Over the course of a short period of time a company called Game Stop watched its stocks skyrocket due to some “community organizing” on Reddit and some people on Wall Street lost a lot of money.
So the question is, what happened?
Here is what you need to know:
Hedge fund managers can make money by predicting that a stock will perform poorly. The way that they do this is a little complex, but we will break it down for you.
Let’s say that we have a hedge fund manager named Jimmy. Jimmy is looking at a stock called ABC (of no relation to Amerisource Bergen Corp). Let’s say that the stock is sitting at $100 and Jimmy has a feeling that the price is going to drop over the next month. Jimmy is going to borrow that stock from a broker, pay a small service fee, and then try to sell it to someone else. At the end of the term, in this case a month, Jimmy is going to have to return that stock to the broker for the price that he borrowed it at.
The person that Jimmy sold the stock to has given Jimmy $100 for the borrowed stock. Jimmy, predicting that the stock’s price is going to fall, will then buy back that stock just before he is scheduled to return it. If all goes according to plan, Jimmy buys back the stock at a lower price than what he sold it for. Were he to buy back the stock at, say $30, Jimmy has just cleared $70 per stock that he was betting on. He returns the stocks back to the broker, and he keeps the profits.

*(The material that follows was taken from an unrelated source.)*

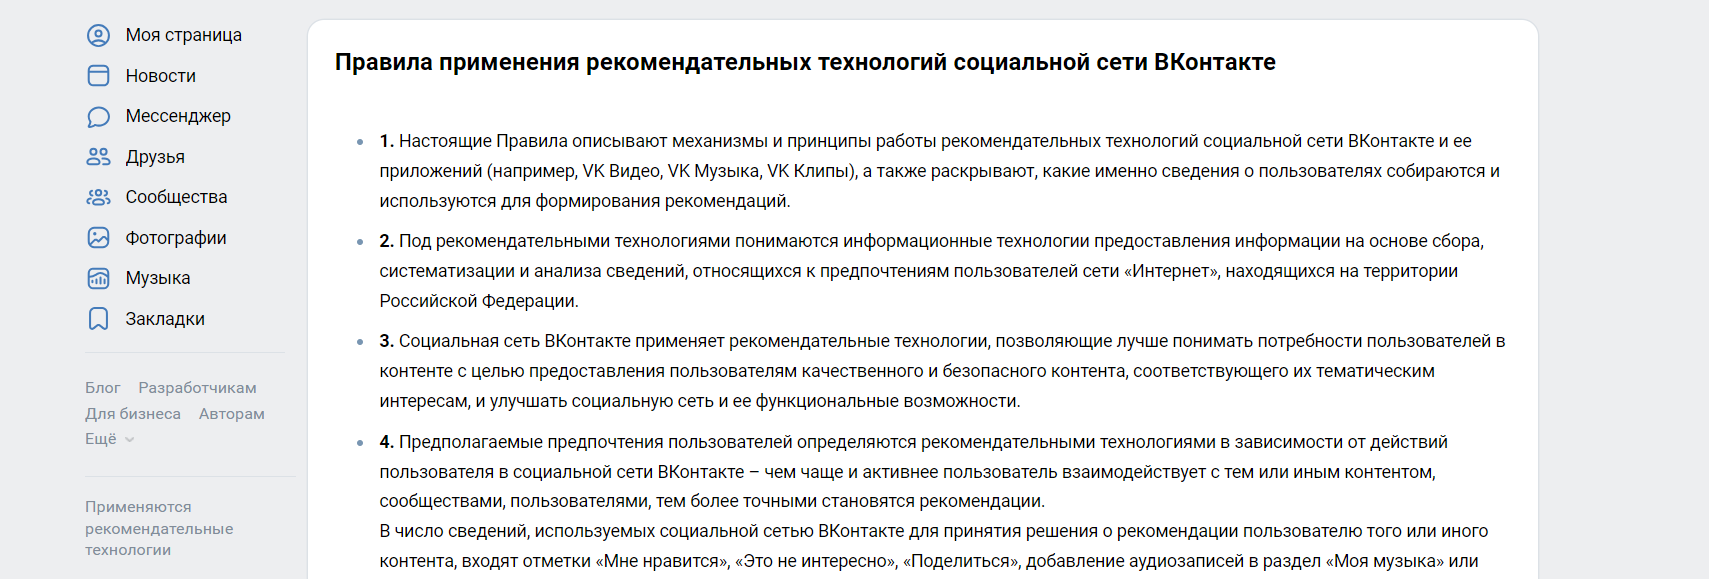 Как работают рекомендации ВКонтакте

That’s hedge fund management in a nutshell.
Now, Game Stop is a company that is known for buying video games and video game related items for cheap and selling them, used, to consumers for a marked up price. It’s a win/win business model as the company collects a profit off of every sale and the consumer gets to play games for much less than they would if they were to pay the full retail price for a brand new game. Gamers, who are tired of their old games, can sell back what they don’t play and put the money towards getting new games.

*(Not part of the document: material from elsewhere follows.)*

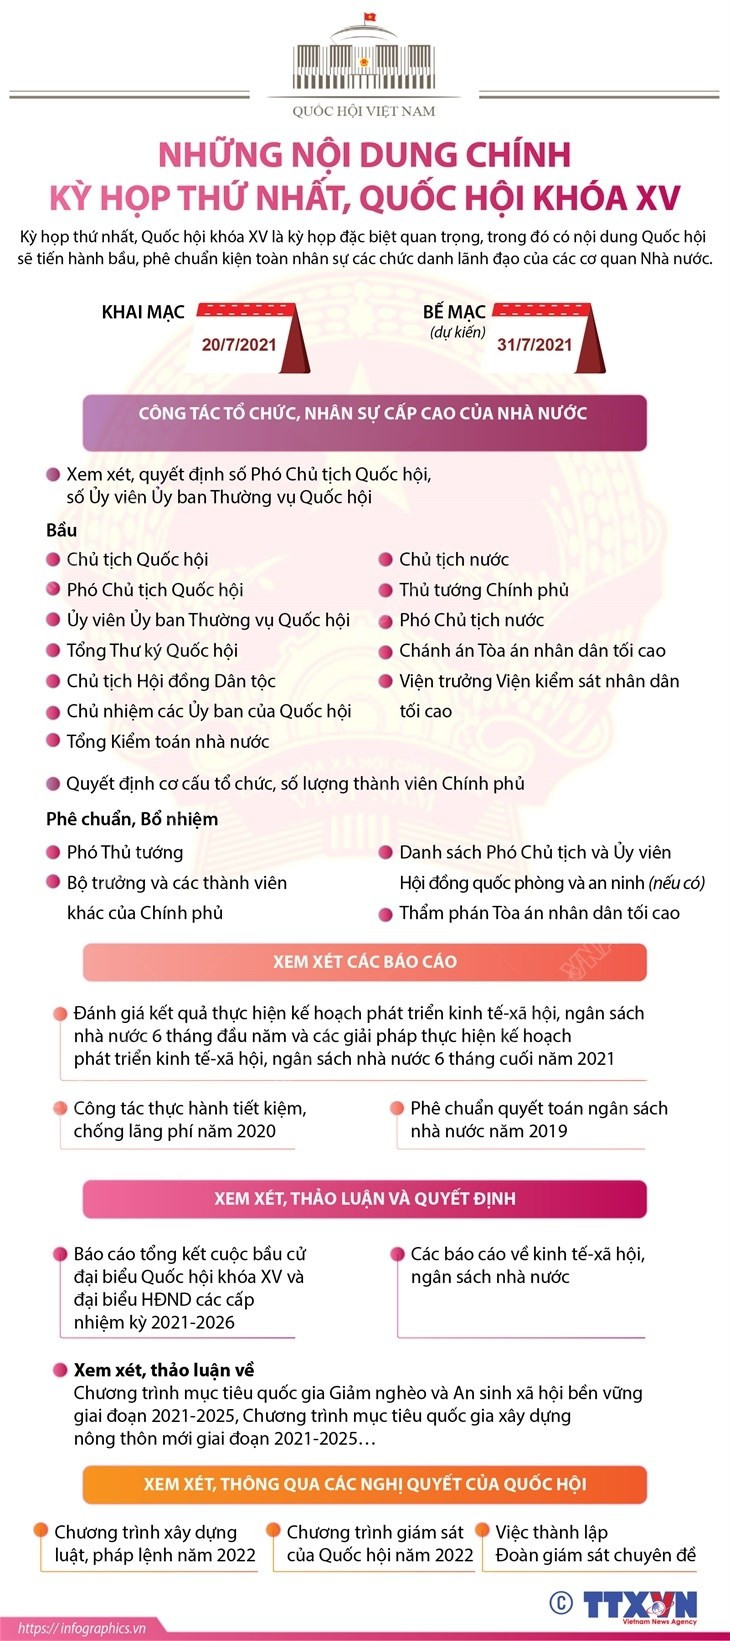 [Infographics] Noi dung chinh cua Ky hop thu nhat, Quoc hoi khoa XV hinh anh 1

In September, just before the release of the latest Playstation console, the Playstation 5, some users on Reddit noticed that the price of Game Stop was sitting at around $4-5 per share. This might be explainable as many people who play video games buy digital versions of their games rather than purchasing physical discs. Much like Blockbuster went the way of the dinosaur as people began streaming their movies, some have been predicting that Game Stop’s business model is unsustainable.
This might be a good time to buy, Redditors suggested, because the release of the new console would mean that the price of Game Stop shares could rise. In the stock market, good practice is to buy low and sell high.
A large number of regular Joes then flooded the stock market with purchases of Game Stop stock, driving up the price of the stock. What started as an effort to make a little money on the side turned into an attack on the wallets of hedge fund managers who make money off of short selling stocks.
Towards the end of January, Game Stop stock was closing out at over $300. The plan had reportedly made some members of the Reddit community millionaires overnight.
Now, let’s go back to our hedge fund manager, Jimmy. Jimmy borrows Game Stop stock with the expectation that the price is going to continue to decrease. When Redditors drove up the price of the stock, Jimmy still needs to buy back the stock at whatever price it is at and return it to the broker that he borrowed it from.
For example, if Jimmy bought 6 shares at $20, he must sell those shares back to the broker at $20 per share at the end of his borrowing term. Should his term end while the stock is over $300, Jimmy is now out at least $280 per share. At six shares, he has just suffered a loss of $1,680.
To make matters worse, for Jimmy, the Reddit community was calling for its members to hang on to their shares and not sell in order to sustain the high price of the stocks and/or drive the price up further. Multiple memes were created to promote the idea of holding:
While that is bad news enough for Jimmy, think about the fact that many hedge fund managers deal with large numbers of shares at a time. Think about our example of six shares and then multiply that buy thousands or even millions of shares.
It is estimated that Wall Street hedge fund managers lost billions of dollars with the “Game Stonk” situation.
Members of the community have already made plans to repeat the event with other stocks.